Barrick Gold has made a bid for them in the US


----------



## RichKid (2 November 2005)

*Re: Placer Dome? (PDG)*



			
				wayneL said:
			
		

> Barrick Gold has made a bid for them in the US




This won't be the last gold takeover in this resources cycle either. Good to keep an eye on these takeovers to see what the market dynamics are, commentators will be going through all the info soon.


----------



## wayneL (2 November 2005)

*Re: Placer Dome? (PDG)*

http://www.marketwatch.com/news/yho...o&guid={26C1DD53-E3B1-4600-A213-63FE7CB1CFC4}

Barrick offers $9.2 bln for Placer Dome
Suitor in hostile bid strikes side deal with Goldcorp
By MarketWatch
Last Update: 4:29 PM ET Oct. 31, 2005  

NEW YORK (MarketWatch) -- Barrick Gold said Monday it would offer $9.2 billion to acquire Placer Dome, a merger that would make the combined company one of the largest global players in the gold-mining industry.

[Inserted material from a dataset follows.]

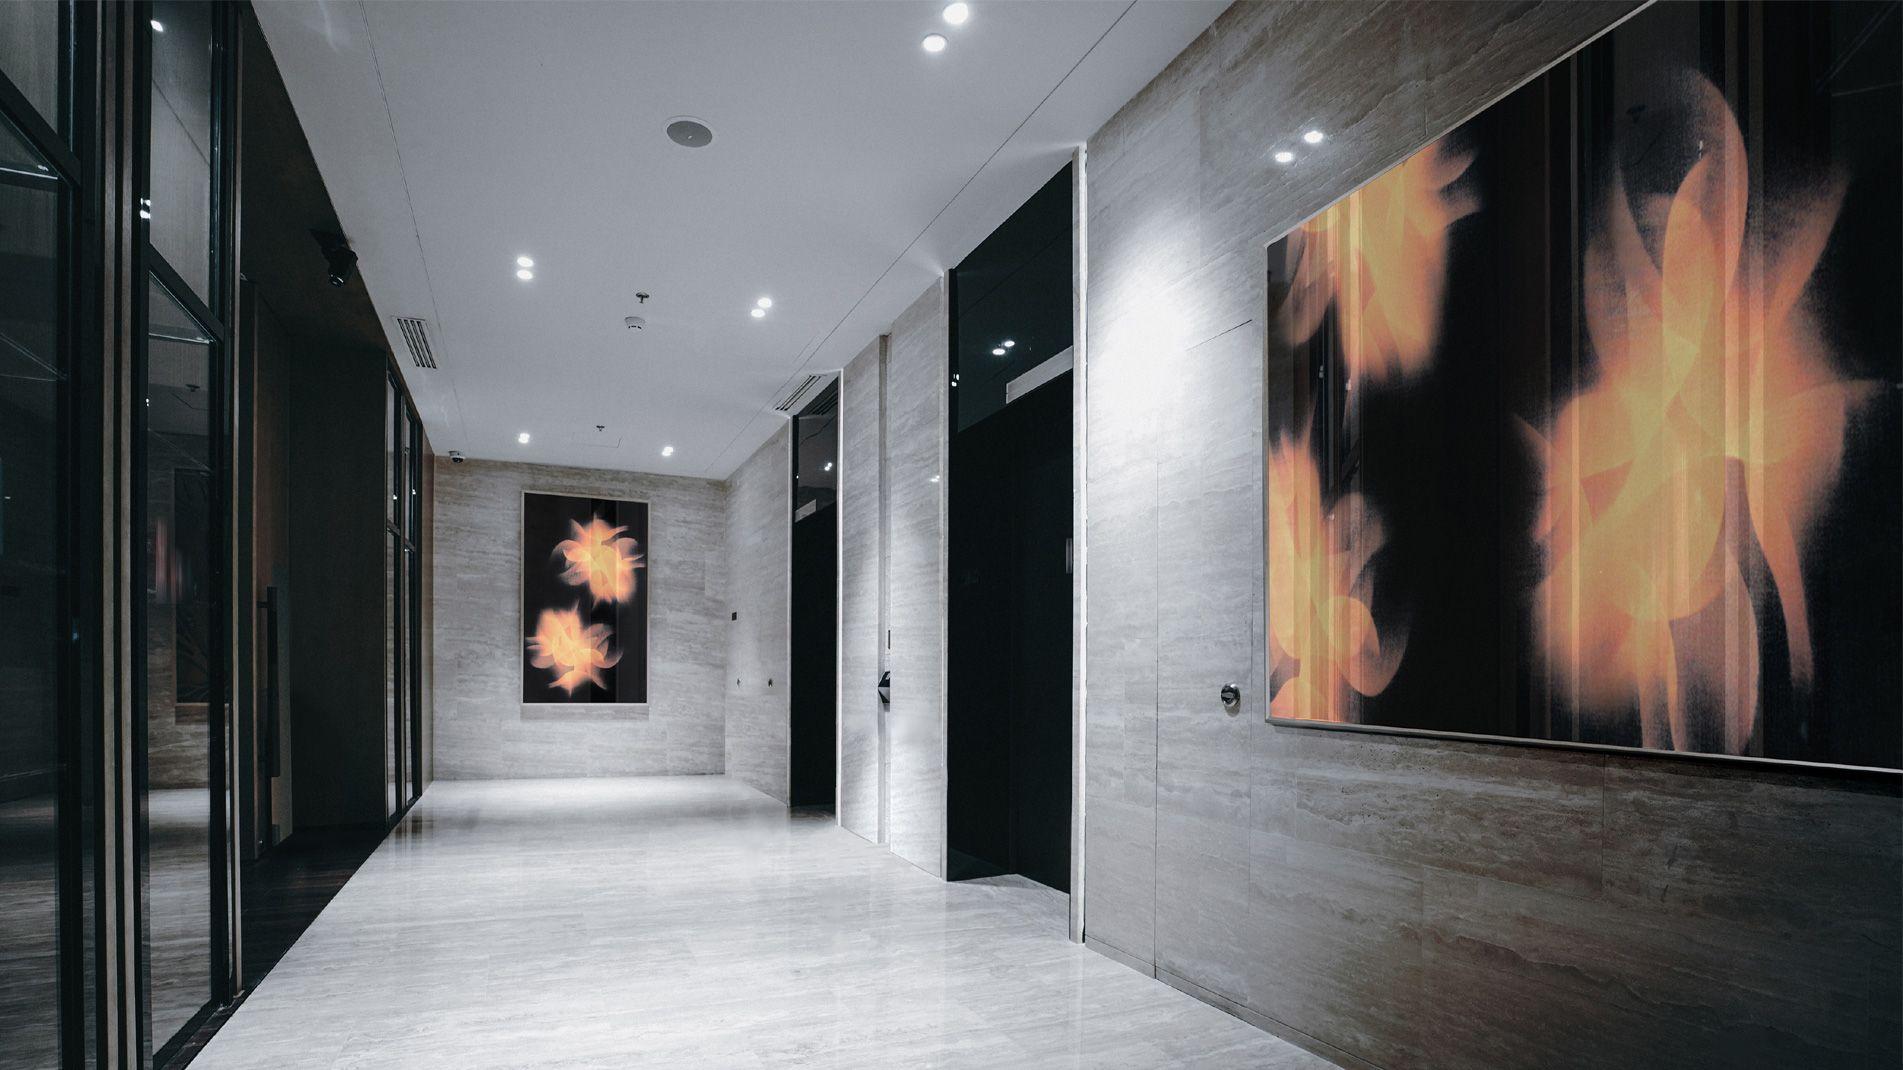 Guillaume Bottazzi, environmental art in London, enamels on glasses, realized in situ in London
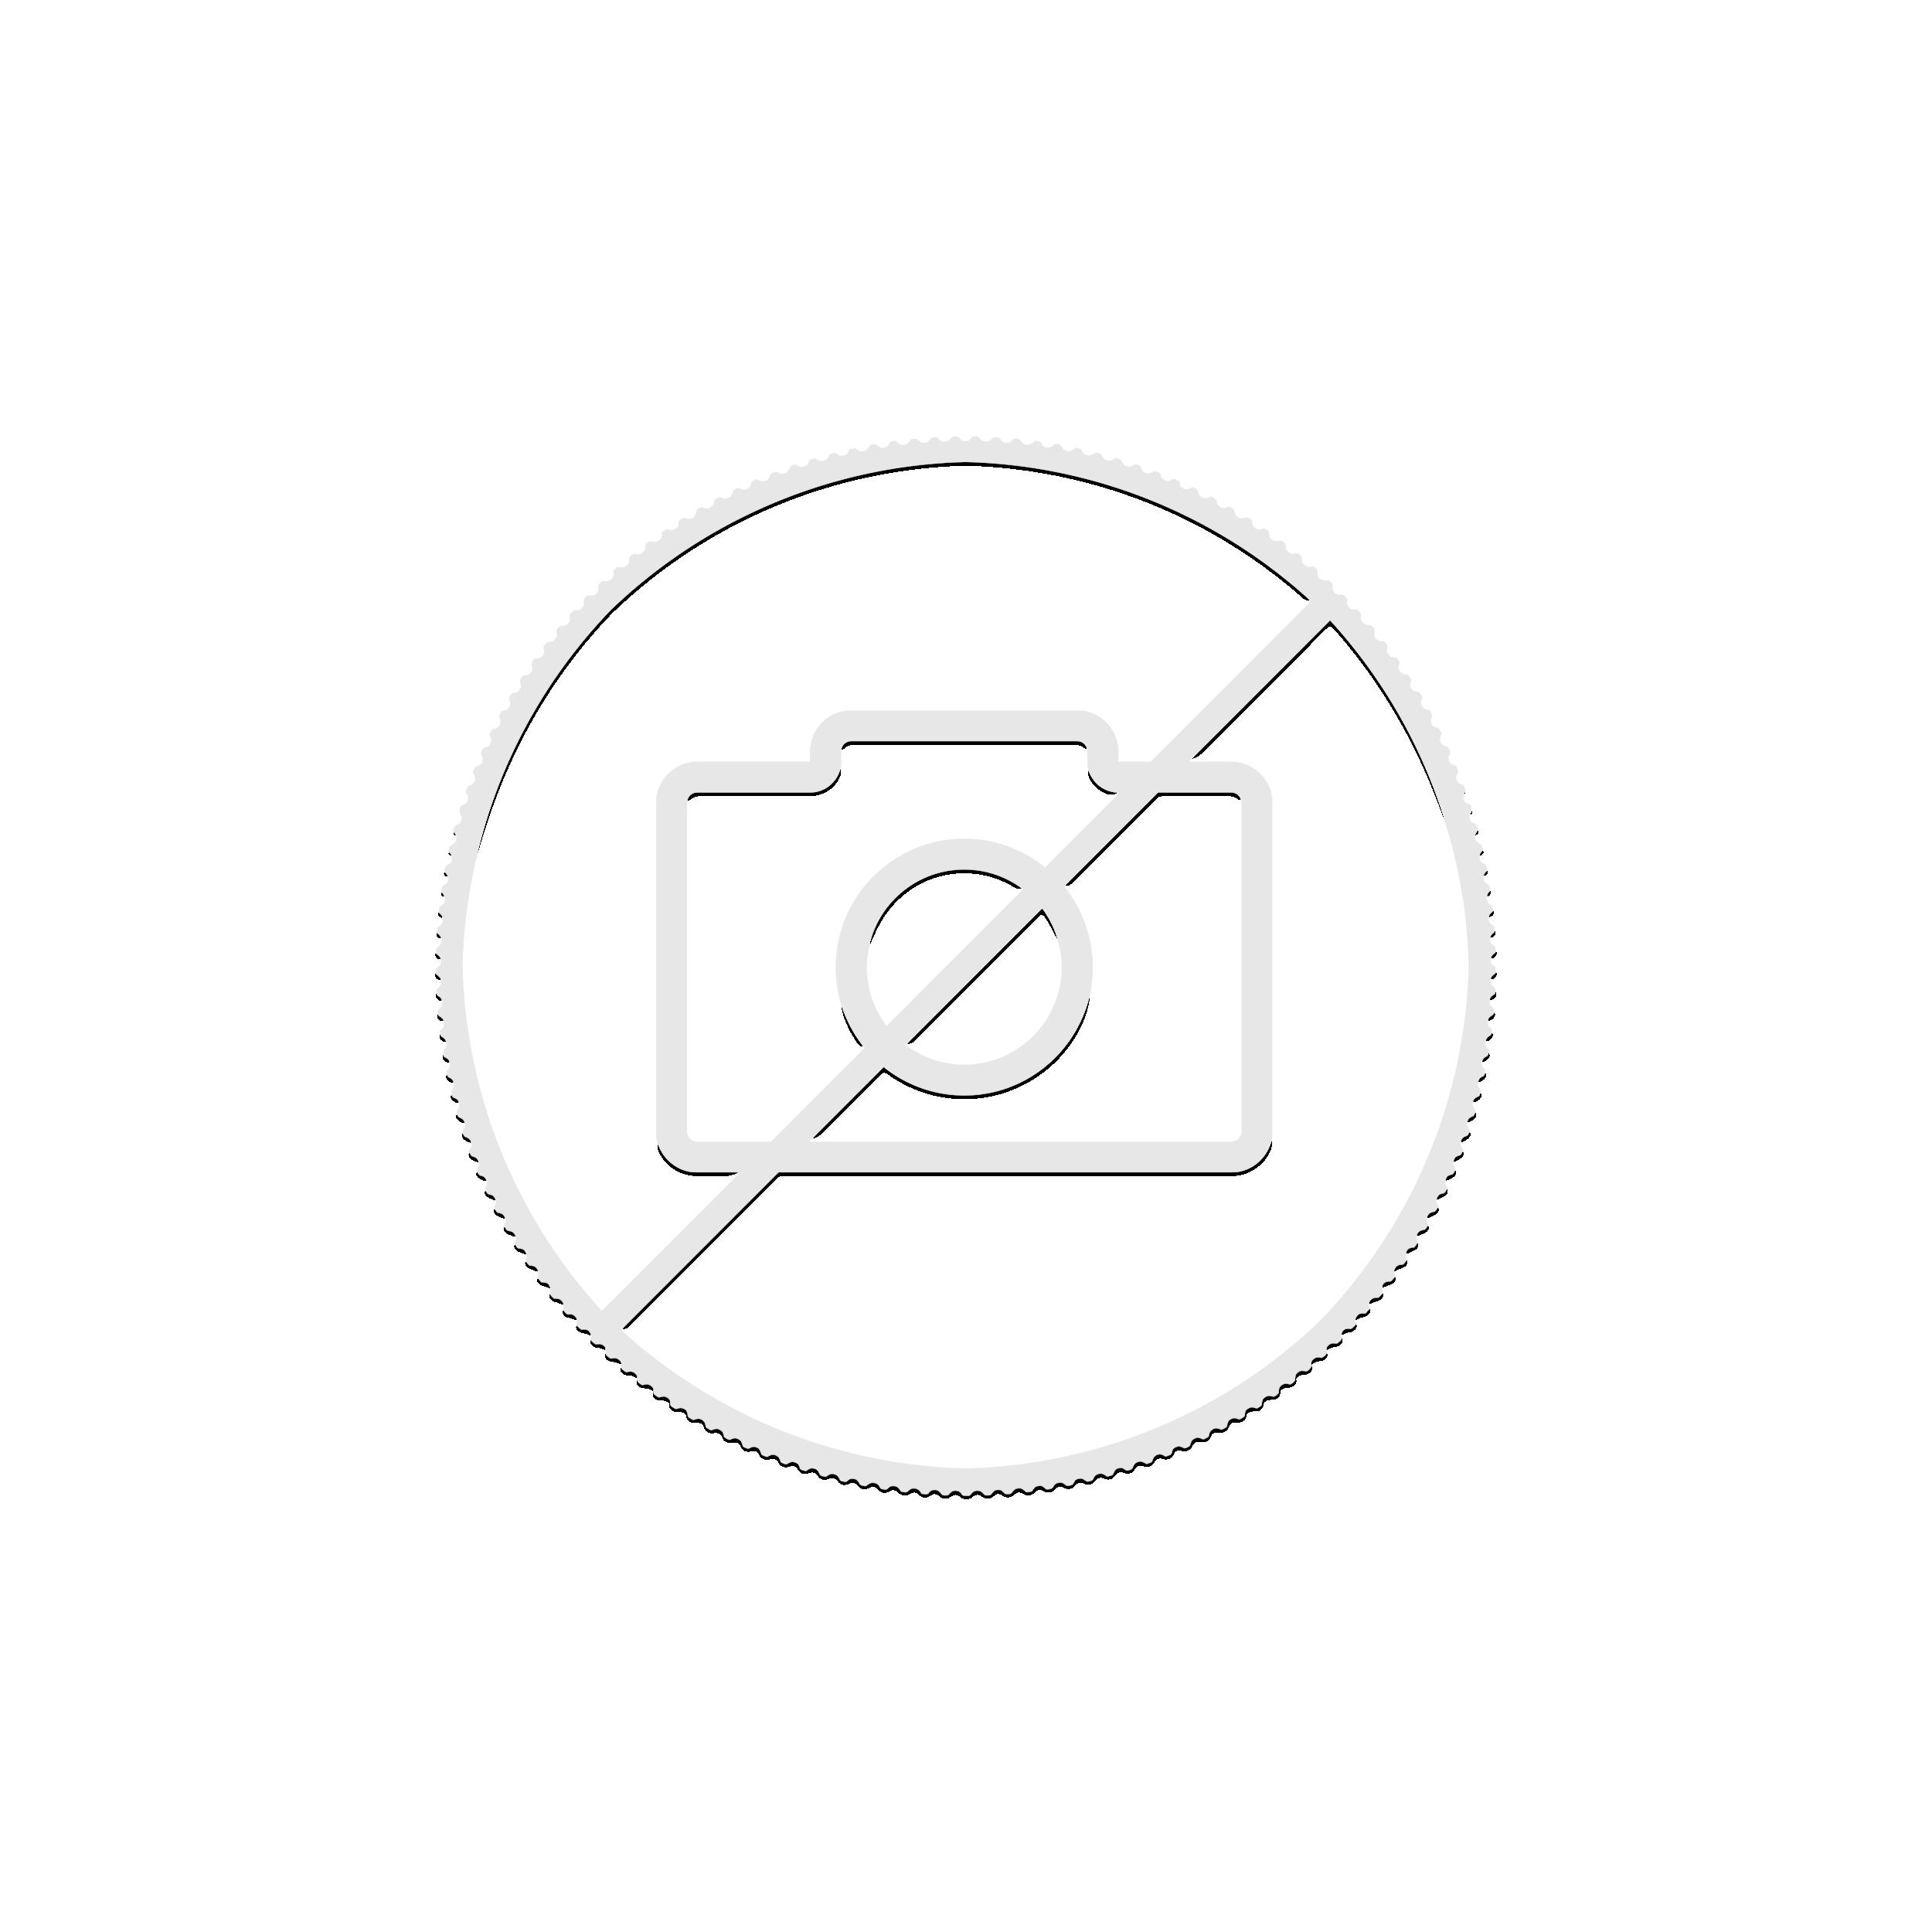 2 troy ounce zilveren munt Mandala Owl - antieke afwerking 2020

If the hostile bid goes through, Barrick Gold would then sell some Placer Dome mines and exploration joint ventures to Goldcorp for about $1.35 billion.

The deal would also rearrange the list of top gold producers in a sector that has seen several recent deals as prices for the precious metal have steadily risen.


----------



## doctorj (2 November 2005)

*Re: Placer Dome? (PDG)*



			
				RichKid said:
			
		

> This won't be the last gold takeover in this resources cycle either. Good to keep an eye on these takeovers to see what the market dynamics are, commentators will be going through all the info soon.




I've heard a rumour that Newcrest might be a target given their depressed share price as a result of the fun they're having at Telfer.


----------



## RichKid (2 November 2005)

*Re: Placer Dome? (PDG)*



			
				doctorj said:
			
		

> I've heard a rumour that Newcrest might be a target given their depressed share price as a result of the fun they're having at Telfer.




Yep, that's the one I'm watching, in fact they've been talking about NCM for awhile now. Too expensive atm imo but as gold is going 500+ anything can happen. There are some tactical issues and timing problems- the current co bears all the downside atm, if the takeover occurs just as the problems are over it'll be great for the predator- that's my theory anyhow. Apparently the corporate/finance side of it is now much simpler than a year or two ago making it easier to 'digest' for a predator.


----------



## The Barbarian Investor (2 November 2005)

*Re: Placer Dome? (PDG)*

Thanks for that, is Newcrest also Newmont?

One of the guys at work who holds a fewIncome based shares mostly has been thinking about getting on board with PDG..buthe may have misedthe boat then (heonly brought it up yesterday)

TBI


----------



## Profitseeker (2 November 2005)

*Re: Placer Dome? (PDG)*

NCM will only be preyed on once it sorts Telfer out.


----------